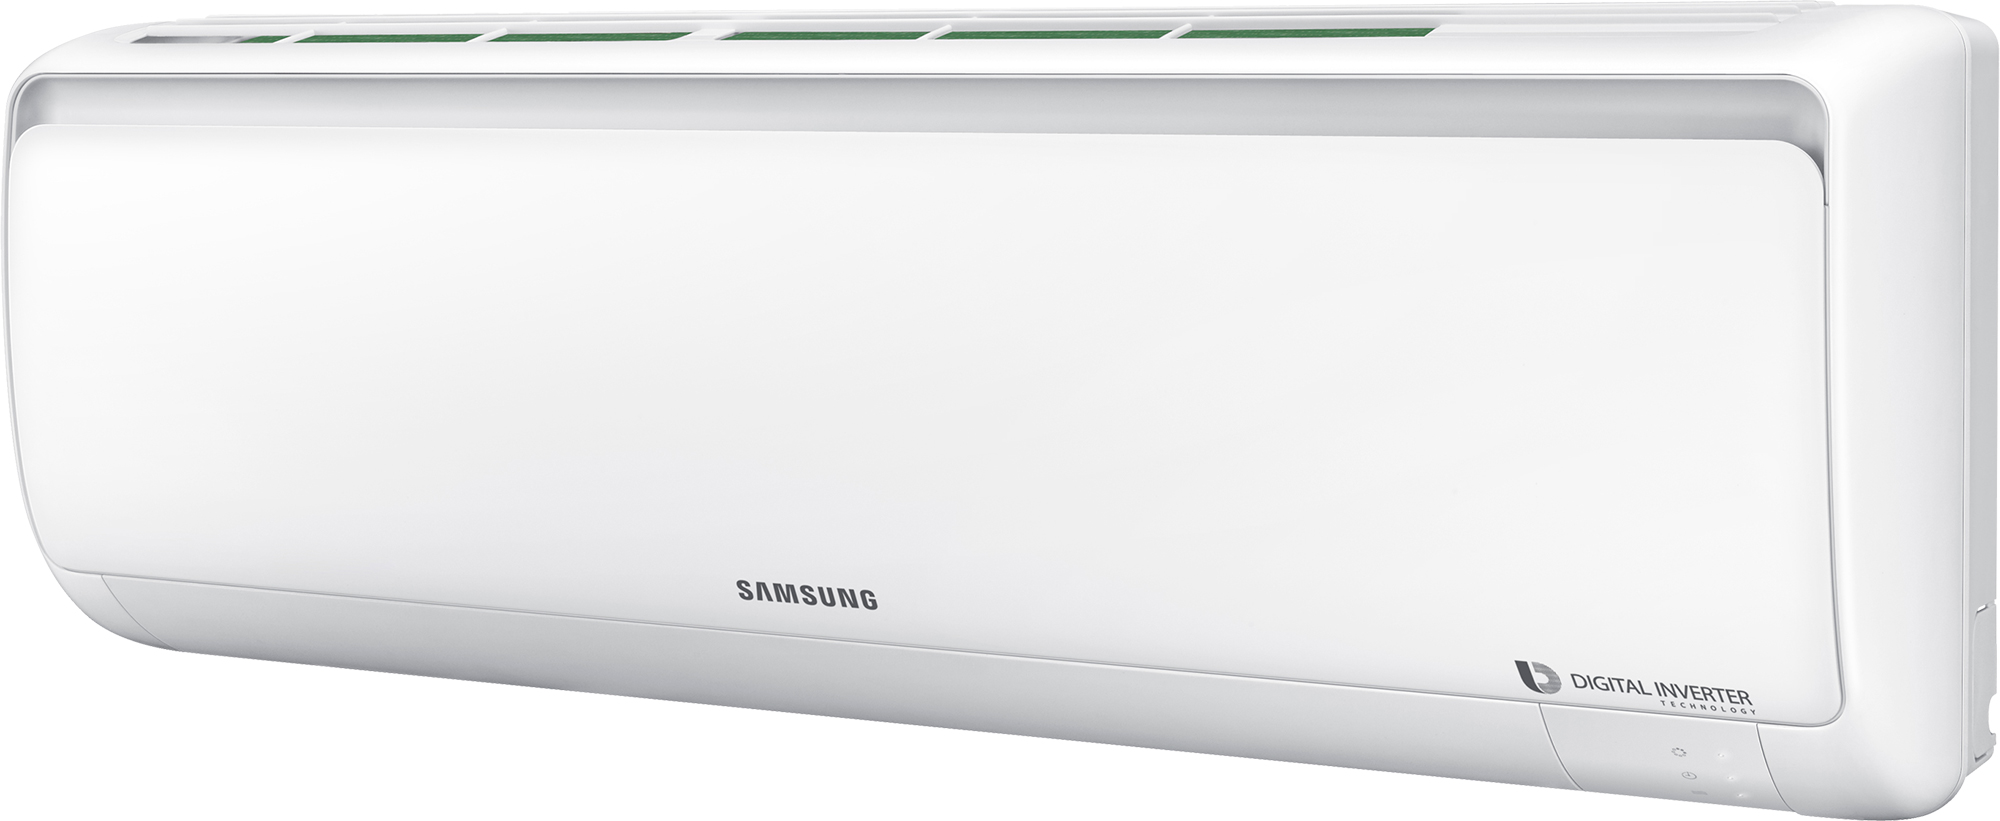 Кондиционер сплит-система Samsung AR09RSFPAWQNER / AR09RSFPAWQXER внешний вид - фото 9
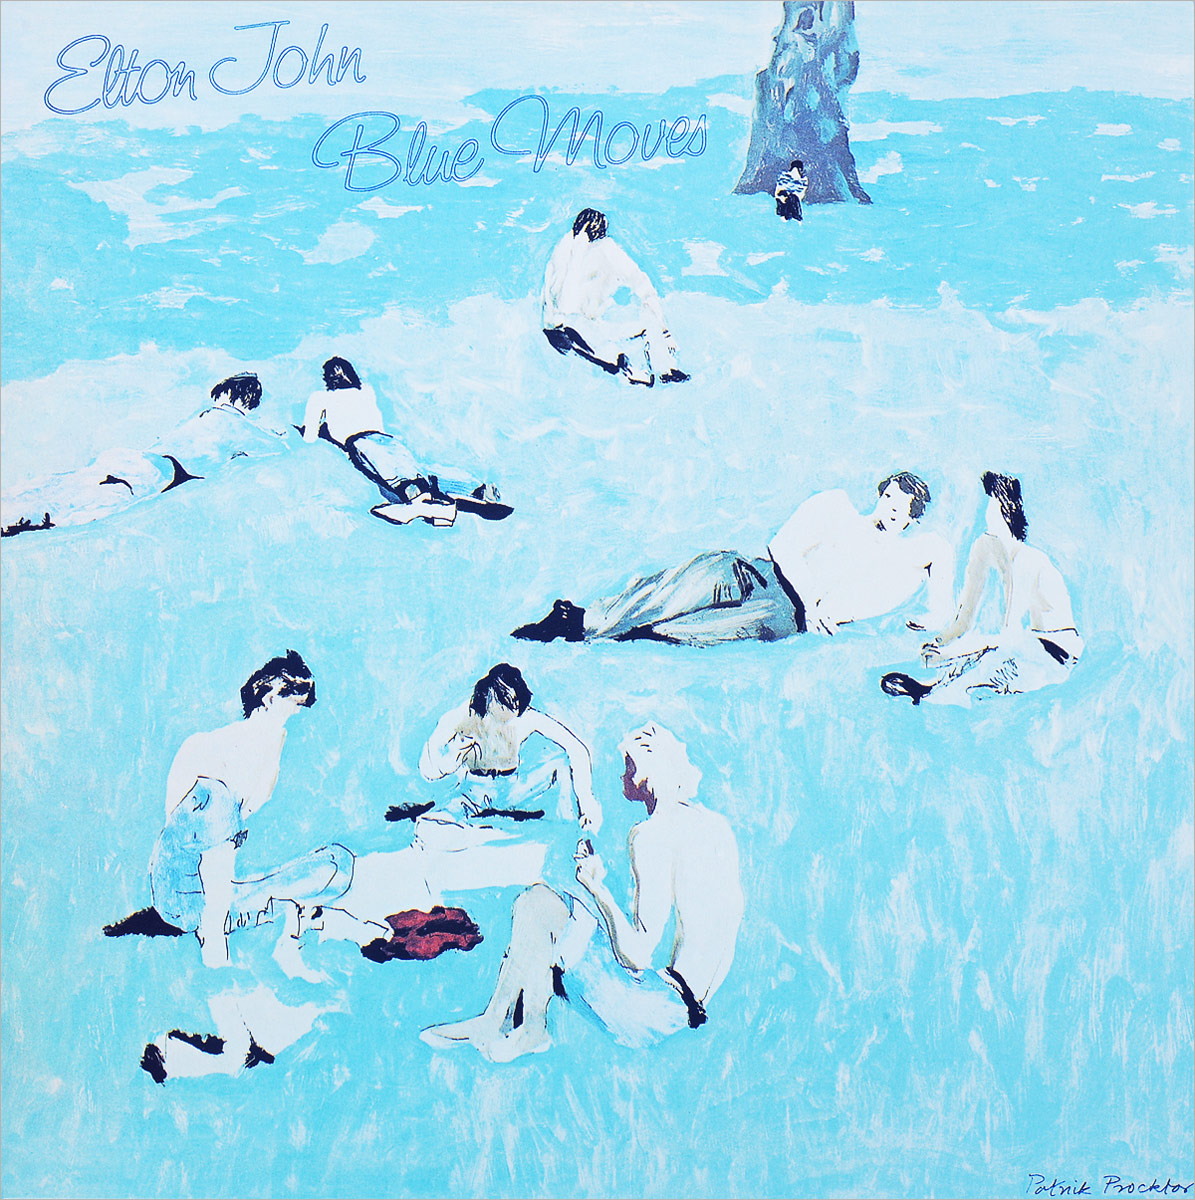 Elton John. Blue Moves (2 LP)
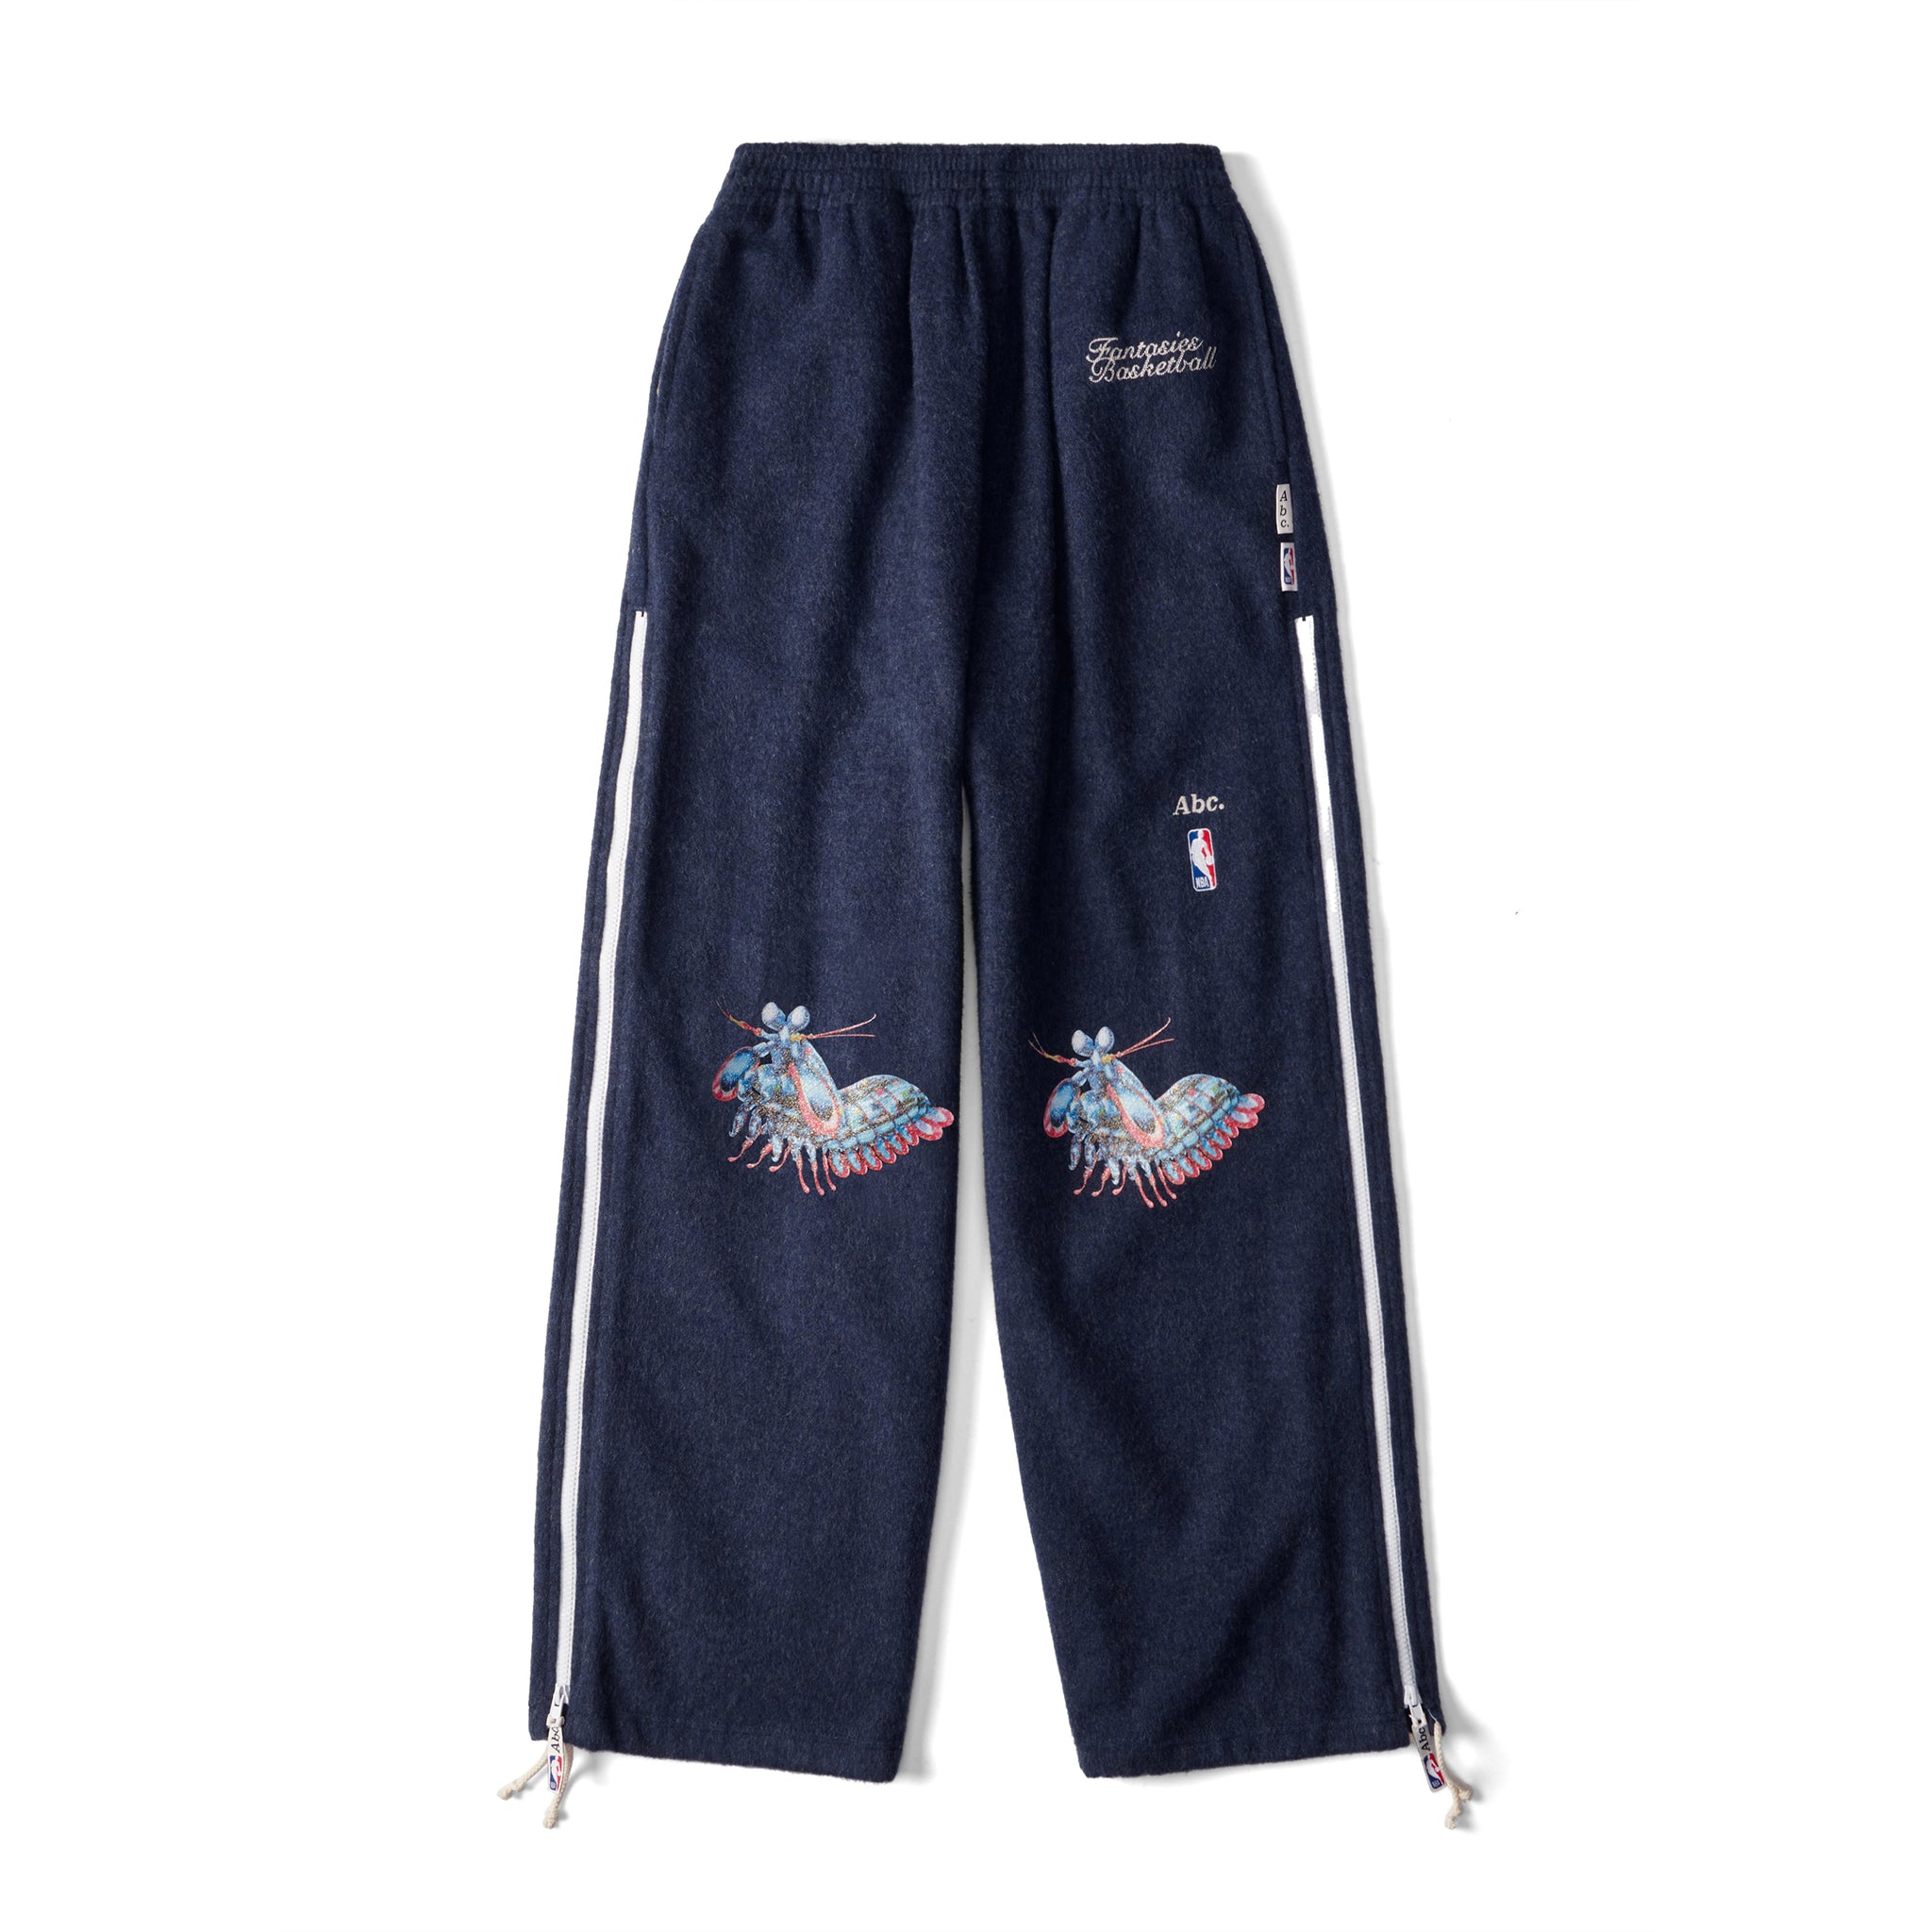 Abc. NBA Wool Warmup Pants (Blue)
---
§ Aim of the task
Pick up at the line containing "Elton John. Blue Moves (2 LP)" and copy each line exactly until the data ends, including that last line; copy no pictures.

§ Exercise result
 Elton John. Blue Moves (2 LP)
 Abc. NBA Wool Warmup Pants (Blue)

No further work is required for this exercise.